I think your different style of debate will make our discussions much more interesting and enjoyable. I love to debate because people do get caught up in them and winning isn’t about points or money but about helping people in the best way each side knows how,

I’m sorry if there were complaints about questions; everyone knows I beg for questions. The only reason I can think of that would cause anyone to complain is that they are tired of reading my answers. They want you to stop asking me questions so that I will stop answering them.

I said to you that I had asked my team about your theory and their reply was that it may occur as the result of RSD following the use of the tourniquet for Bier blocks! If I understand your answer correctly, your team is saying that a tourniquet followed by a block can cause IRI. If they believe that, I wish they would publish it. IRI experts don’t agree on exactly how long the tourniquet must be applied, but I don’t recall anyone estimating less than 15 minutes.

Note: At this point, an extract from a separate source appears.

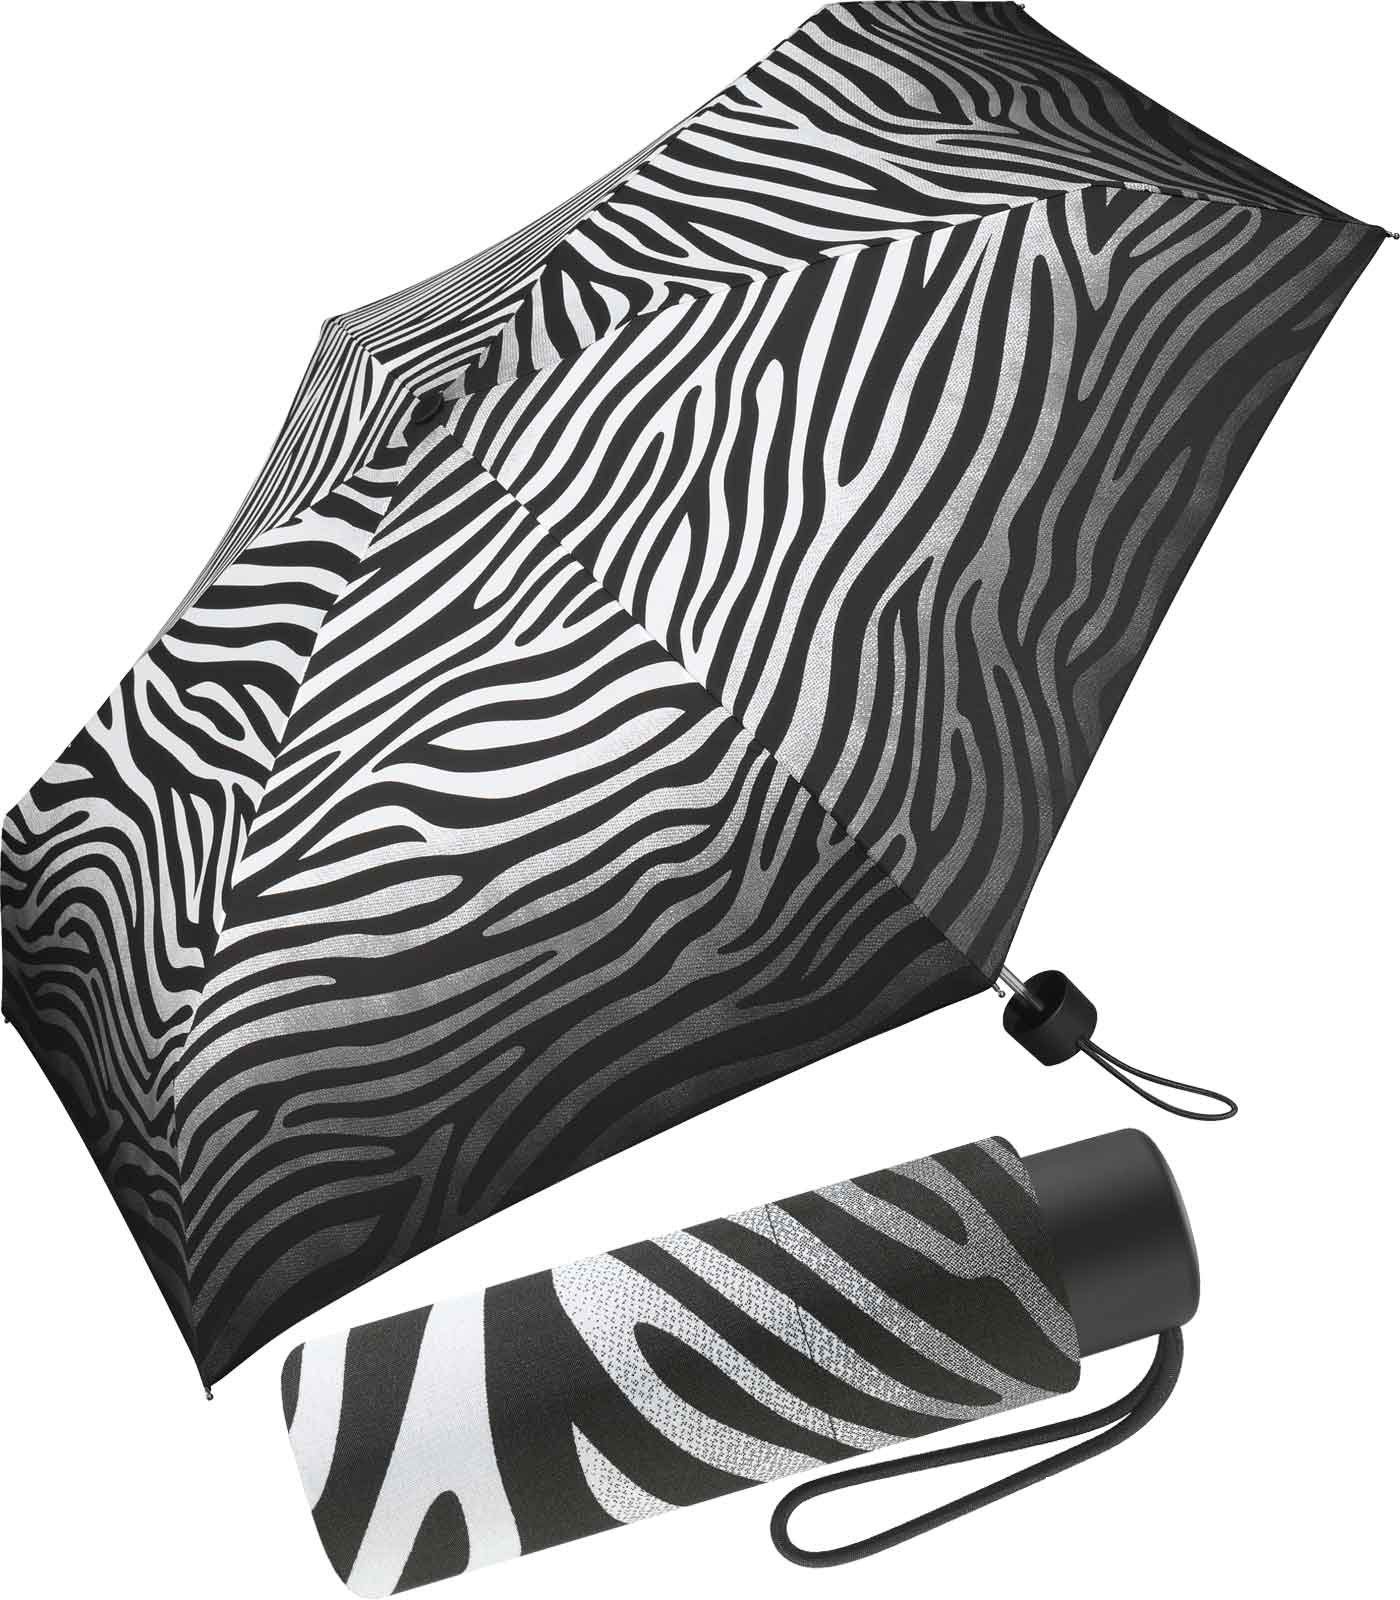 Pierre Cardin Langregenschirm winziger Damen-Taschenschirm mit Handöffner, mit tierisch schönem Zebra-Muster

Evidence that tourniquet ischemia (TI) for the brief period when blocks administered could lead the experts to reconsider how long an ischemia must exist before IRI develops.

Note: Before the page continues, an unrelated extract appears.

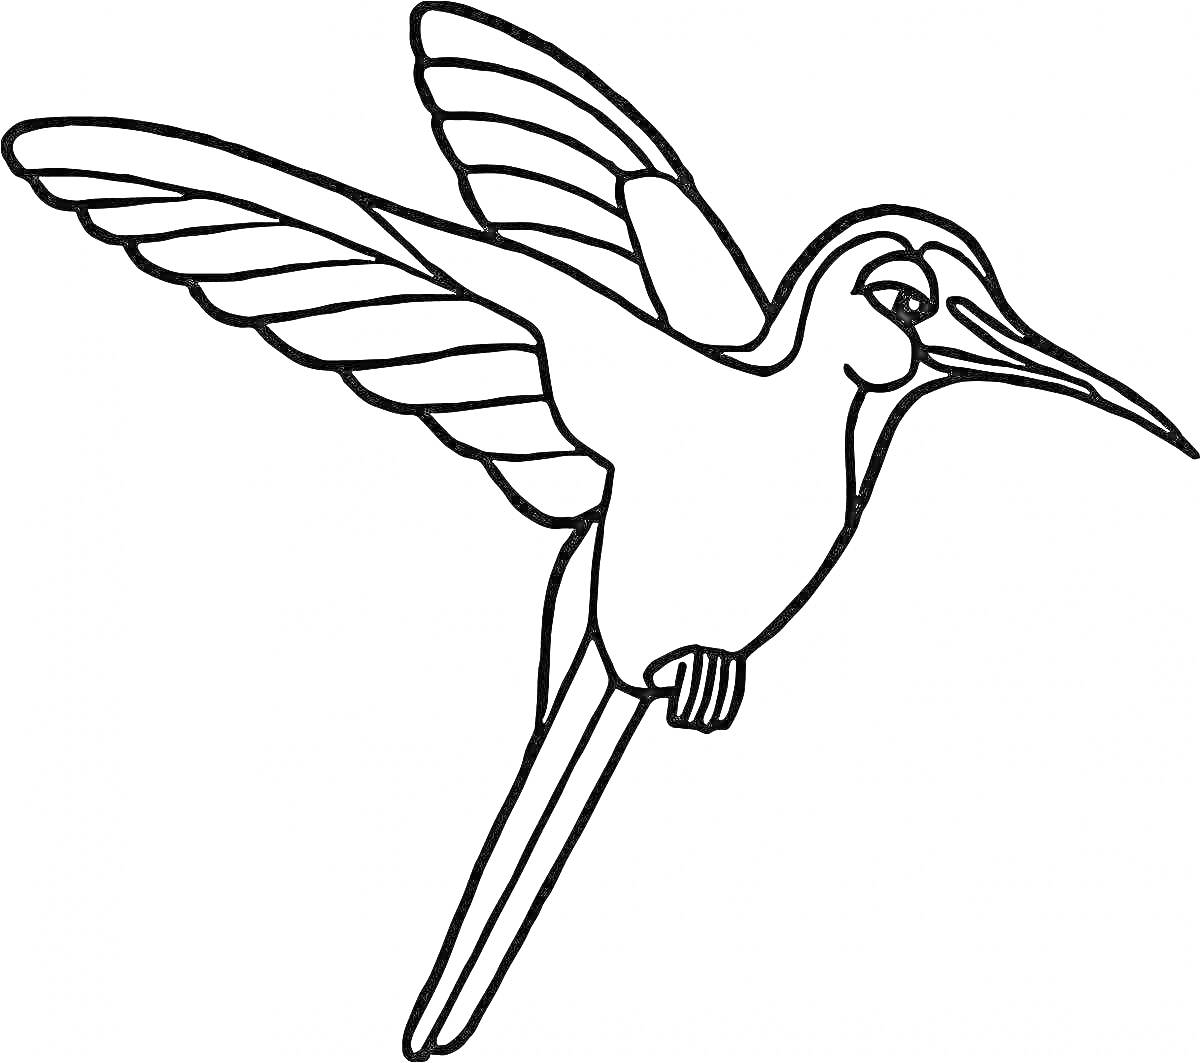 Раскраска Колибри с расправленными крыльями

Still, this would only show that briefer periods of TI are necessary to develop IRI, NOT that the RSD plays any role in causing it. Physicians don’t blame the underlying condition that required the TI and surgery as in any way causing IRI.

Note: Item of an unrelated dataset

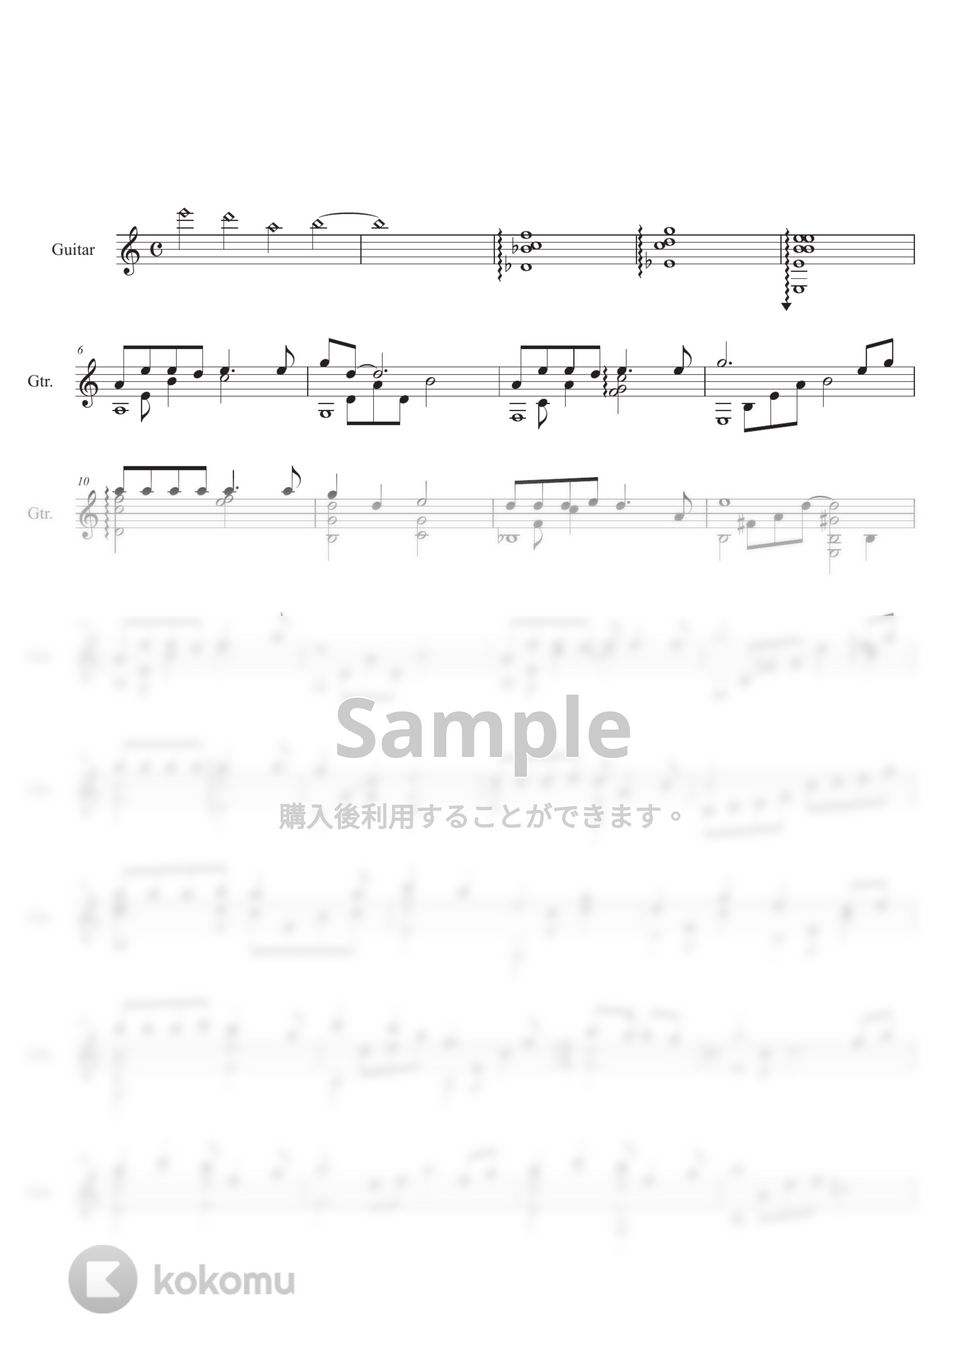 久石 譲 - もののけ姫 (ギターソロ) by Ponze Records

I’m curious about the role the vascular surgeon plays in your RSD treatment team. I would imagine it would be finding the cause of the cyanosis/hypoxia, so what does she/he have to say about that? Is he/she working to identify that cause? Does she/he have any opinion?

Thank you for your offer to explain the mechanism of the action of HBOT for RSD but as I thoroughly research all treatments I have, I was well informed before I started my 50 dives. Sorry I didn’t make myself perfectly clear: I intend to write a post on the mechanisms of action so others will have a reason to read more about the immune response to trauma and IRI.

I have never seen anything in the literature about the mechanism of action of HBO in RSD; it is the mechanism of action in skeletal muscle IRI, so whatever you learned in your research probably has nothing to do with what I will write about.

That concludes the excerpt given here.